If there is significant contention among shared resources in the different threads, it could be that locking and unlocking objects requires a large amount of IPI (inter-processor interrupts) and the processors may spend more time discarding their L1 and L2 caches and re-fetching data from other CPUs than they actually spend making progress on solving the problem at hand.
If there is significant contention among shared resources in the different threads, it could be that locking and unlocking objects requires a large amount of IPI (inter-processor interrupts) and the processors may spend more time discarding their L1 and L2 caches and re-fetching data from other CPUs than they actually spend making progress on solving the problem at hand. This can be a problem if the application has way too-fine-grained locking. (I once heard it summed up "there is no point having more than one lock per CPU cache line", which is definitely true, and perhaps still too fine-grained.) Java's "every object is a mutex" could lead to having too many locks in the running system if too many are live and contended.

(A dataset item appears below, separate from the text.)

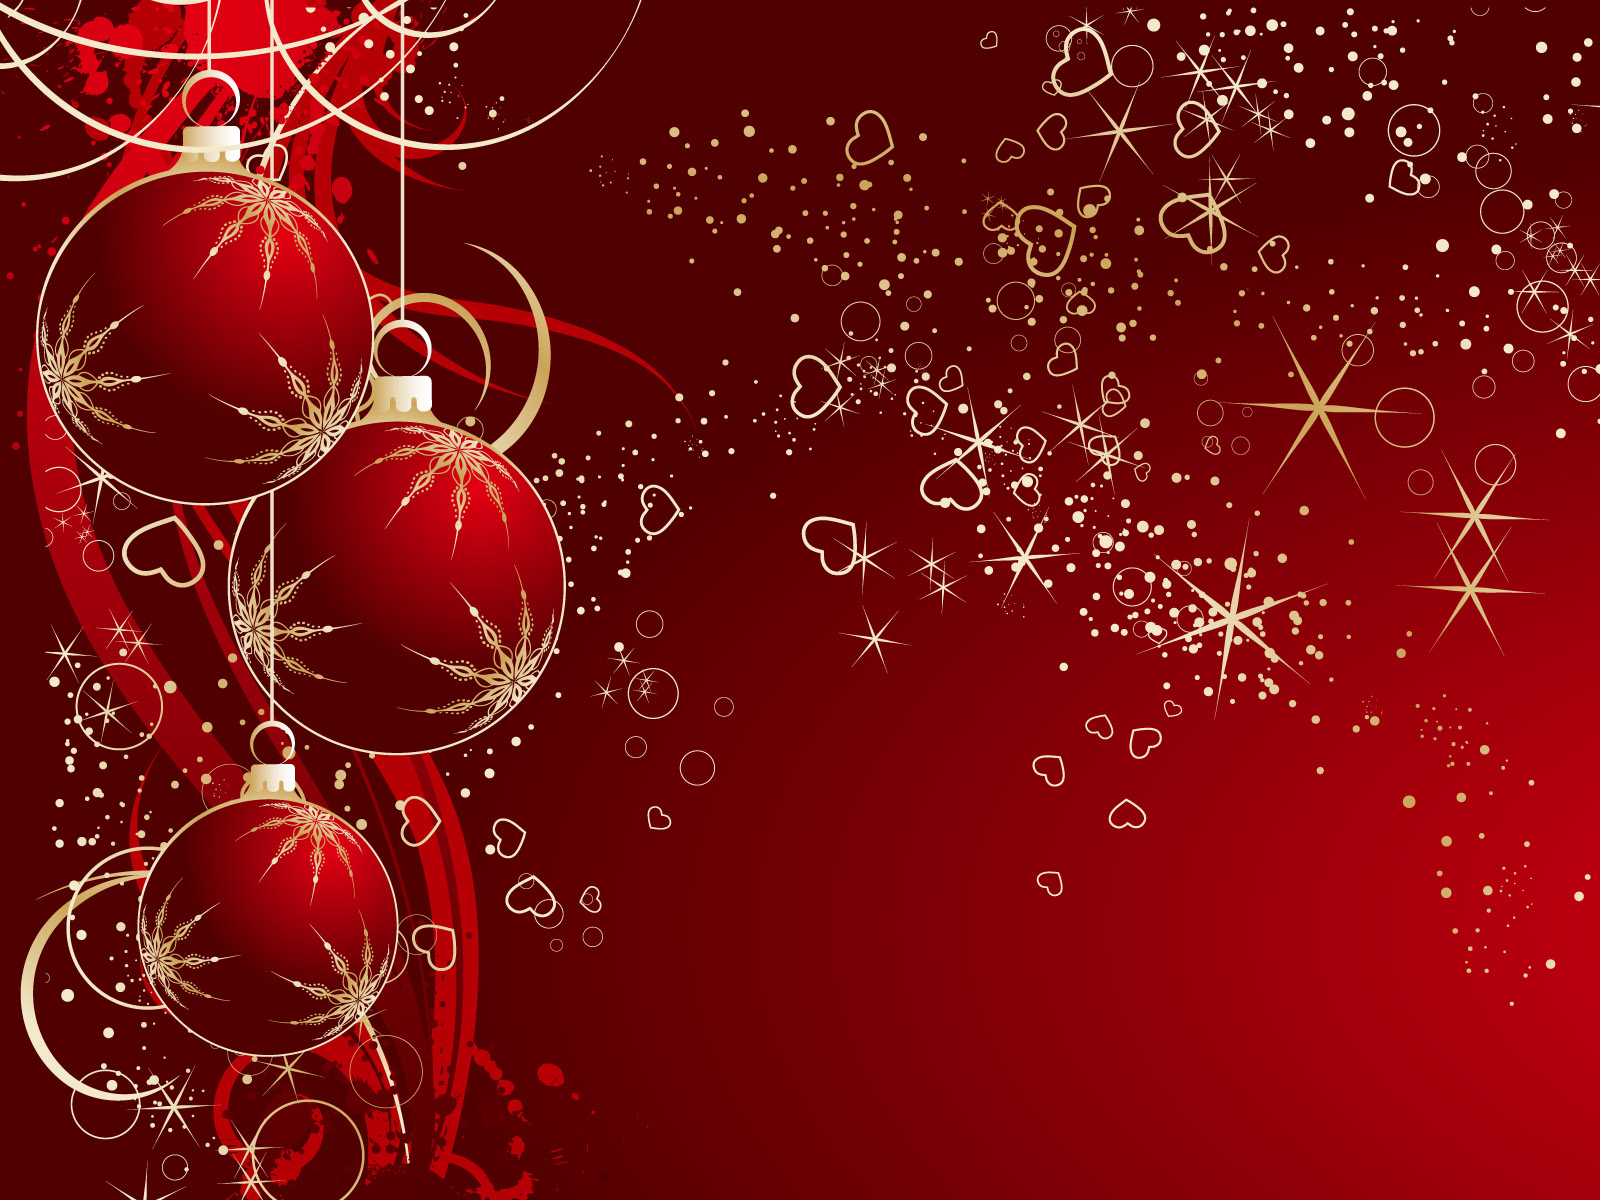 Free Christmas Wallpaper Backgrounds | Wallpapers9

I have no doubt someone could intentionally write such an application, but it probably isn't very common. Most developers would write their applications to reduce resource contention where they can.

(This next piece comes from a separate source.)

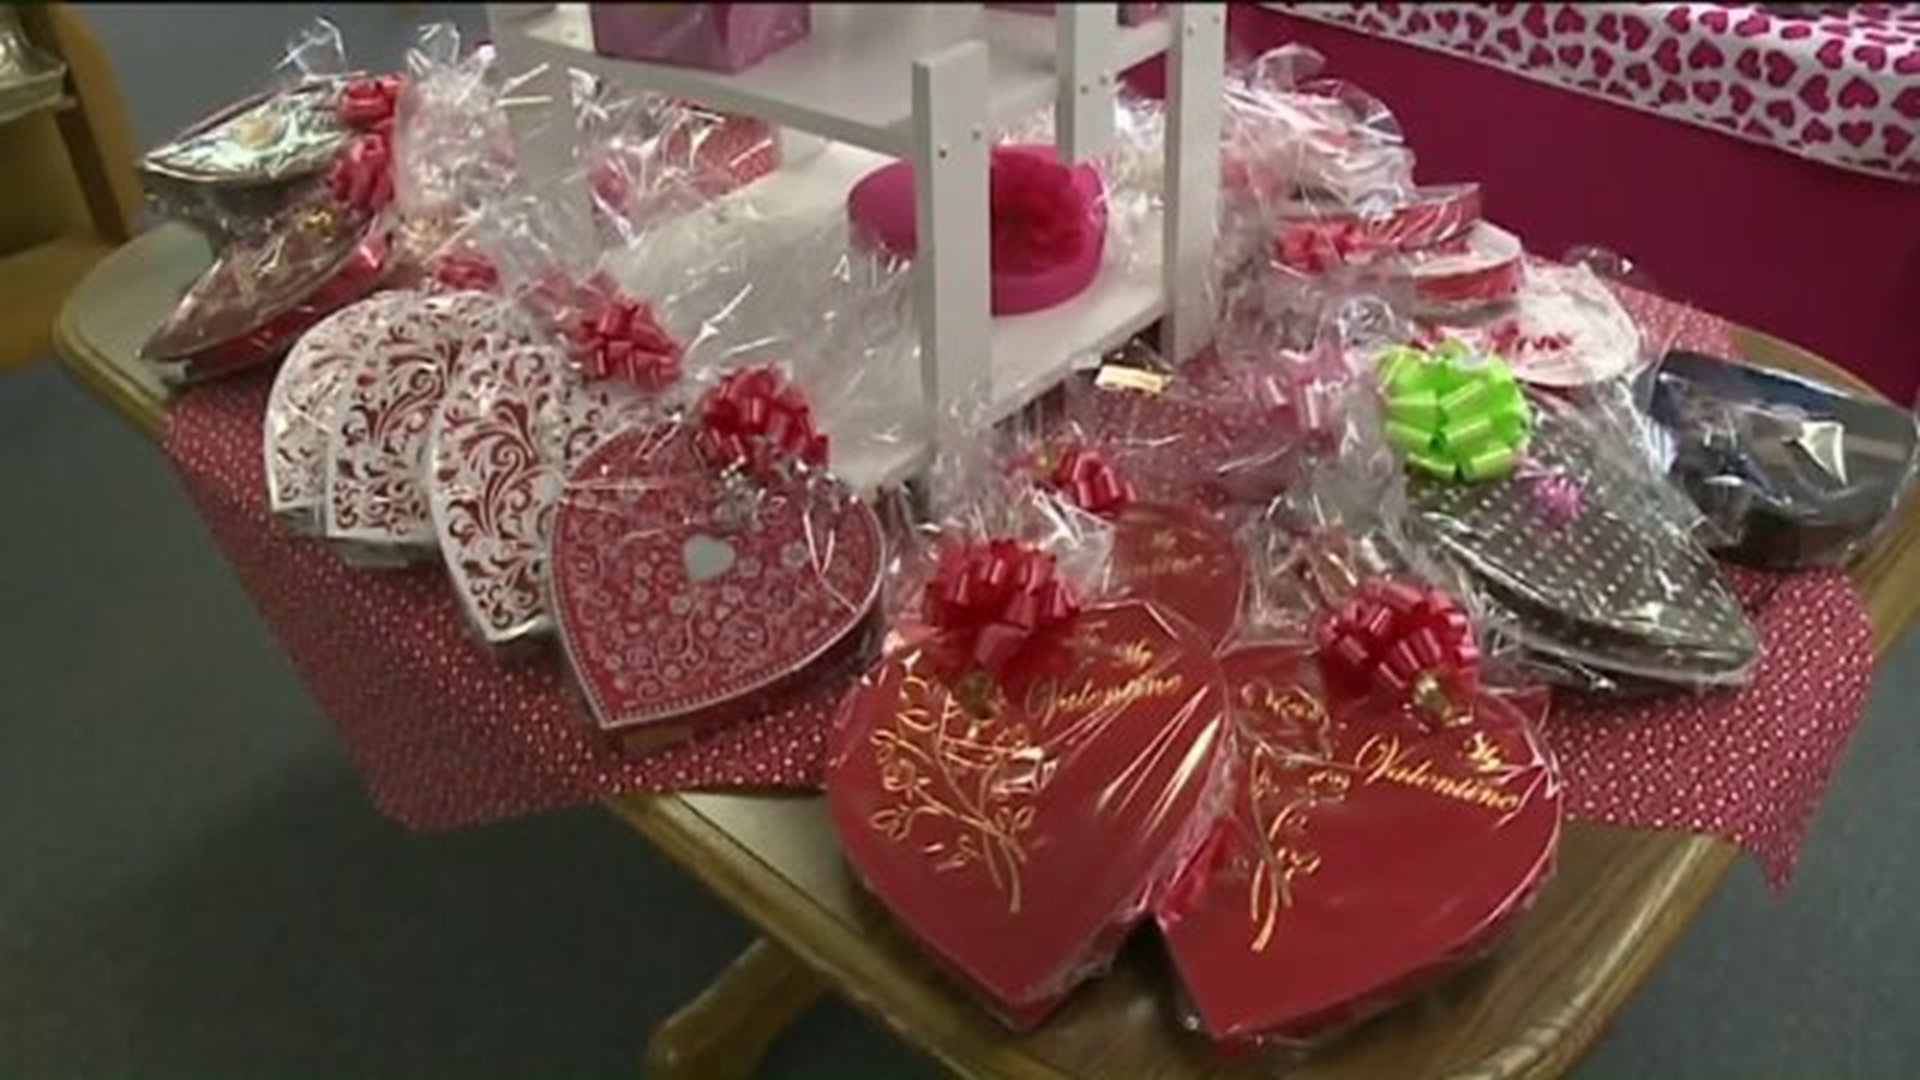 Sweet Treats for Valentine's Day

I doubt the "Much" part. My guess would be that the expense of moving state from one cpu to another is high enough to be noticeable. Generally you want jobs to stay on the same cpu so its data is cached as much as possible locally.
This is entirely speculation without the article/data in question, but there are some types of programs which are not well suited for parallelization - perhaps the application is never CPU-bound (meaning the CPU is not the bottleneck, perhaps some sort of I/O is). However this question/conversation is pretty baseless without more details.
There is no Java-specific reason for this, but moving state from core to core or even from CPU to CPU takes time. This time can be used better if the process stays on a single core. Also, caching can be improved in such cases.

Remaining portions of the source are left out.